Under Run Data Manager Tools, click Create DBKey and Reference Genome - fetching. The Reference Genome tool form from data_manager_fetch_genome_all_fasta_dbkey is displayed. NOTE: If you receive the error "Uncaught exception in exposed API method:", you will need to restart Galaxy first.

From the DBKEY to assign to data: list choose: sacCer2
Enter S. cerevisiae June 2008 (SGD/sacCer2) (sacCer2) for the Name of sequence field
Leave the ID for sequence field empty
Click Execute


In your history, you will see a new dataset for the data manager run. When the job has finished, go back to the Data Manager view on the Galaxy Admin page. (Click Local Data)

Click on all_fasta under View Tool Data Table Entries

You should see that sacCer2 has been added to all_fasta.

Part 3: Download and install the BWA data manager
In this part we will repeat the process from part 1 except that we will install the bwa data manager this time.
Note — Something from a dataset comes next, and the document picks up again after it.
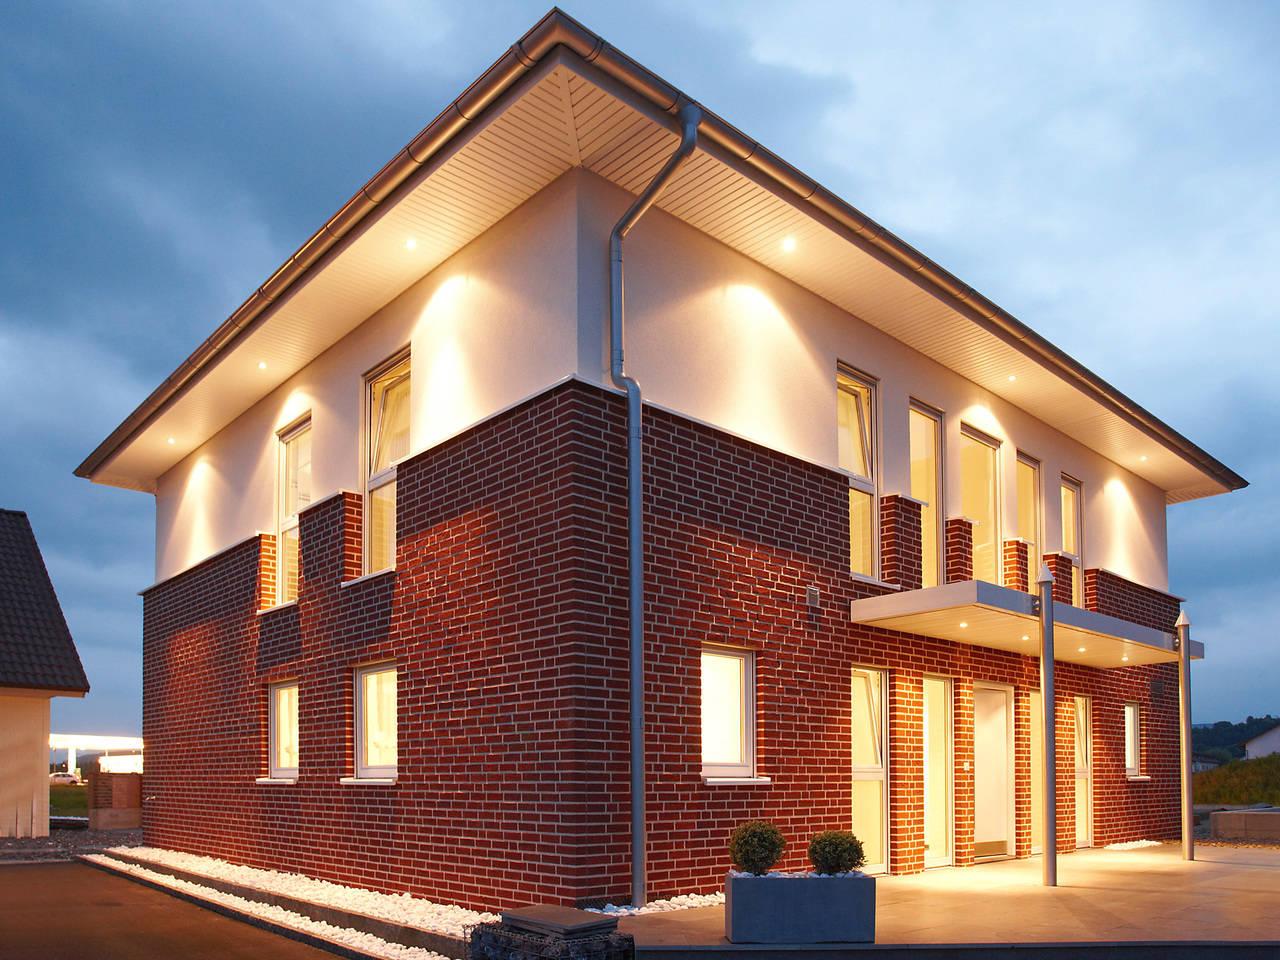 Musterhaus Kaiseraugst von Gussek Haus - beleuchtet

Install the bwa data manager from the toolshed.

From the Admin page, click Search Toolsheds and then search for bwa.
Install the data_manager_bwa_mem_index_builder by the devteam.


Part 4: Build the BWA index for sacCer2
In this part we will actually build the BWA index for sacCer2. It will automatically be added to our list of available reference genomes in the BWA tool.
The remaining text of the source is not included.